* AIM OF THE TASK
Restate the following data in its entirety, word for word and without images.

* DATASET EXTRACT
|---|
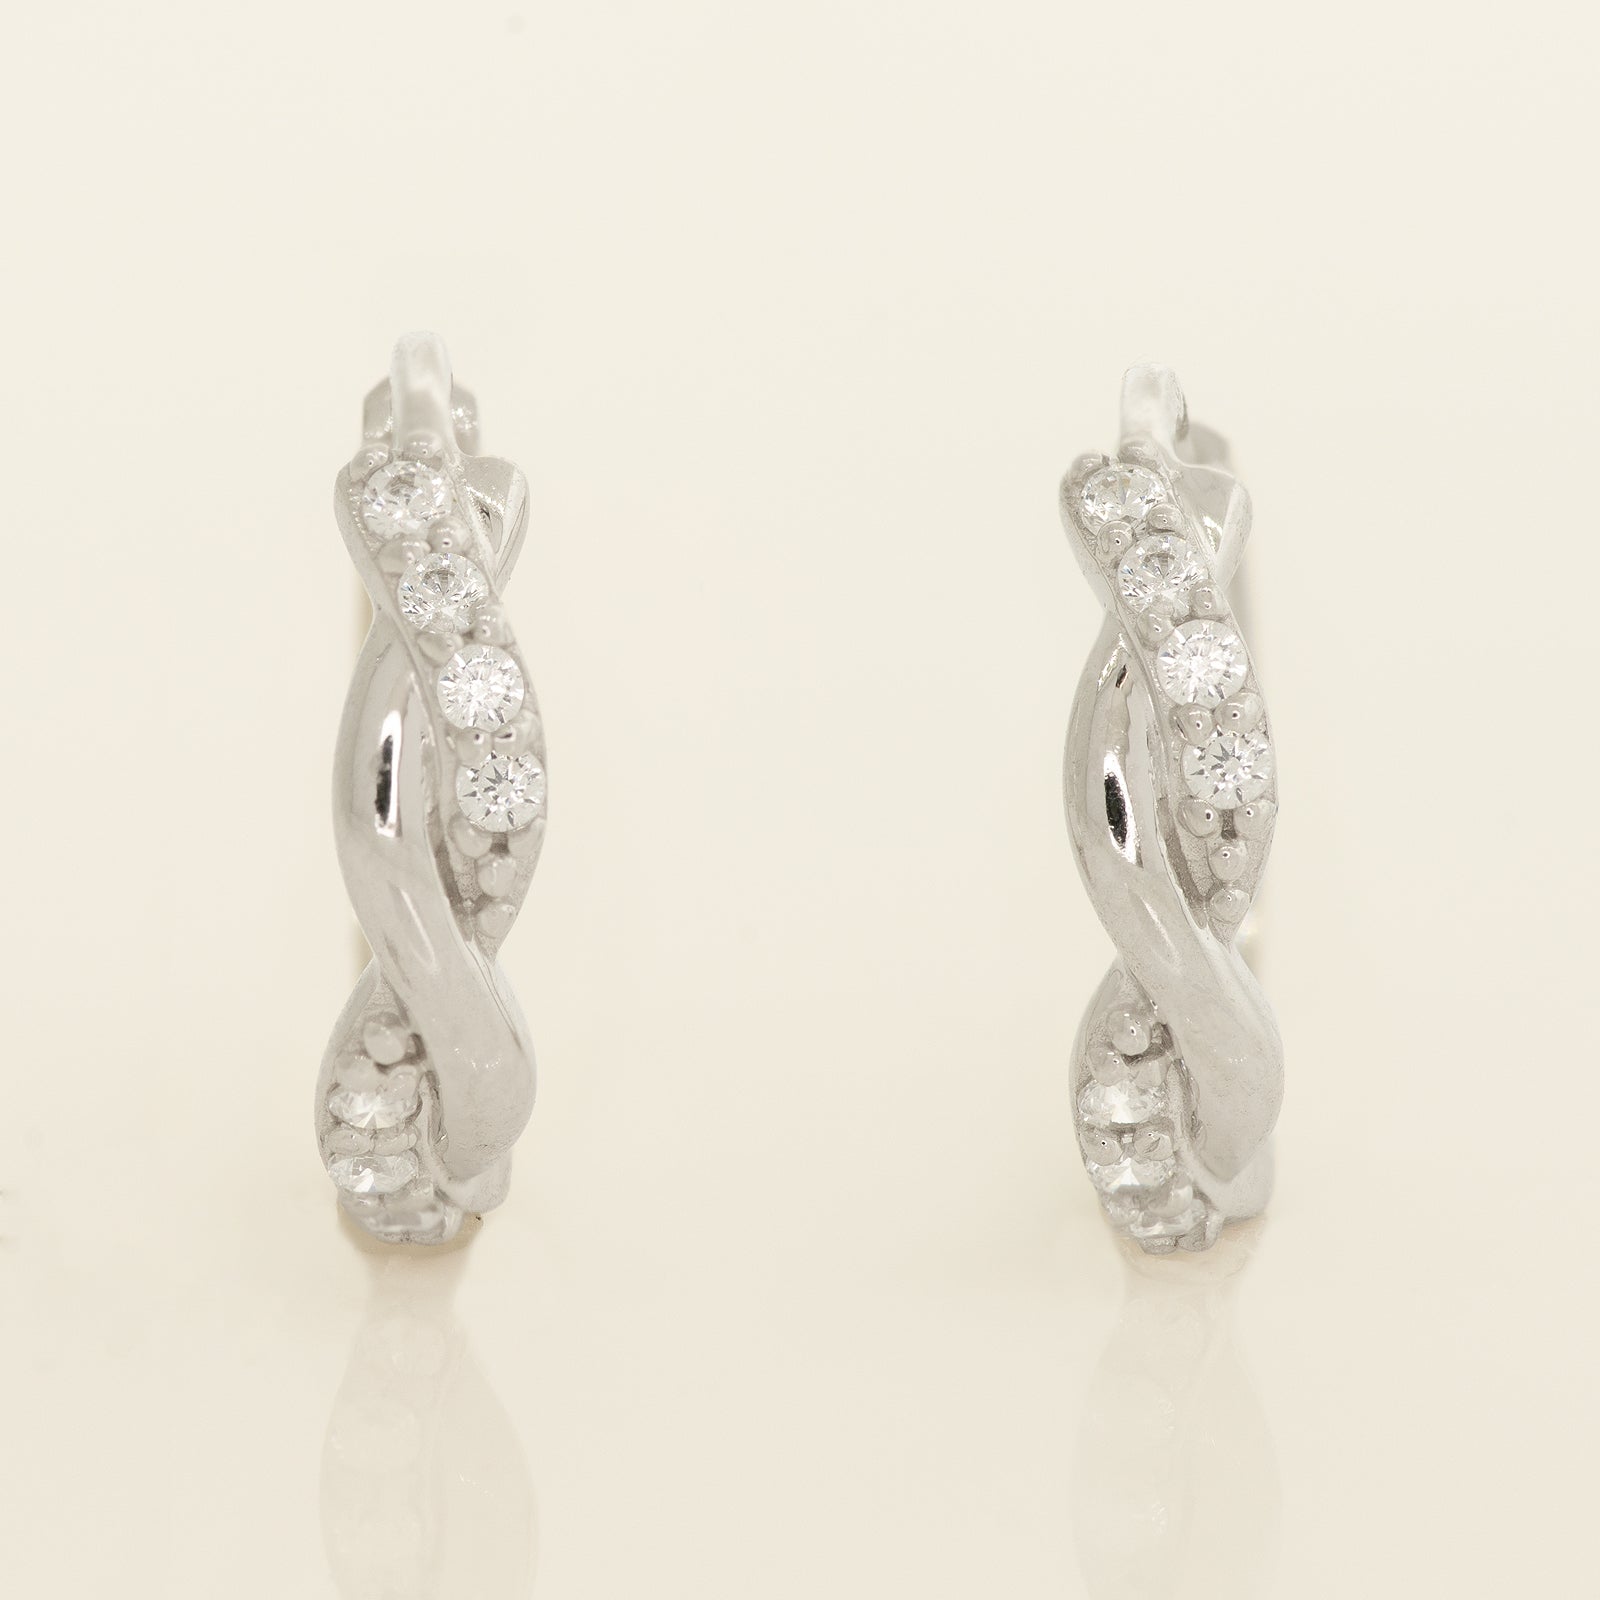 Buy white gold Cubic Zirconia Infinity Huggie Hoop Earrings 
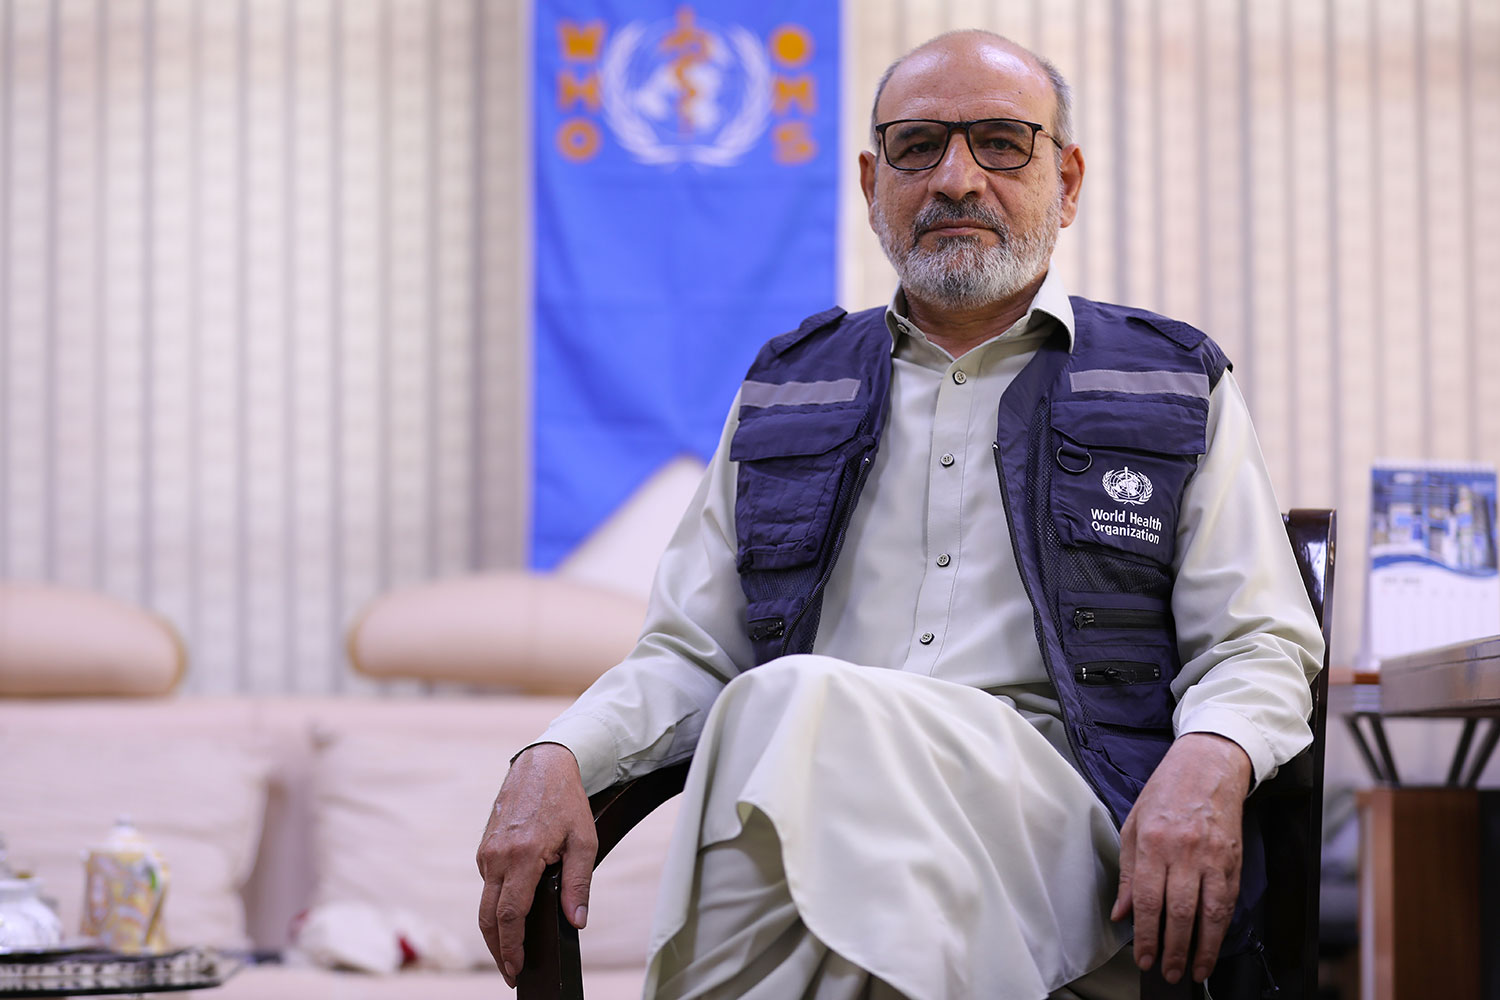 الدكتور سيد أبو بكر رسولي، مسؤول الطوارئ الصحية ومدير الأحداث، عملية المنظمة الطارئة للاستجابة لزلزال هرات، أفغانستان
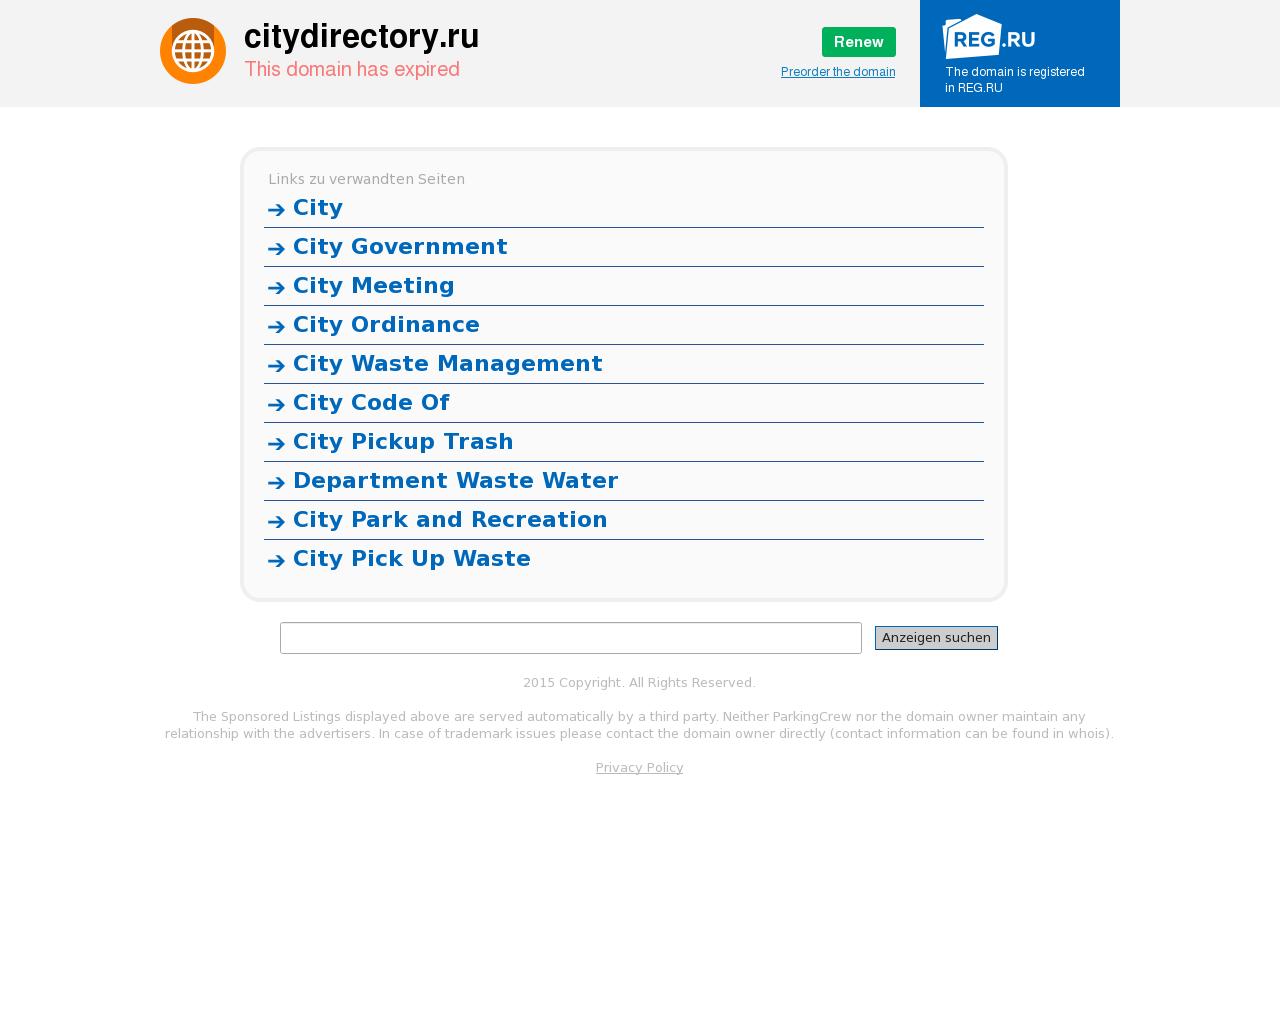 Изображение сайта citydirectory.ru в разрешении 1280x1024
|---|
* EXERCISE SOLUTION
 Buy white gold Cubic Zirconia Infinity Huggie Hoop Earrings 
 الدكتور سيد أبو بكر رسولي، مسؤول الطوارئ الصحية ومدير الأحداث، عملية المنظمة الطارئة للاستجابة لزلزال هرات، أفغانستان
 Изображение сайта citydirectory.ru в разрешении 1280x1024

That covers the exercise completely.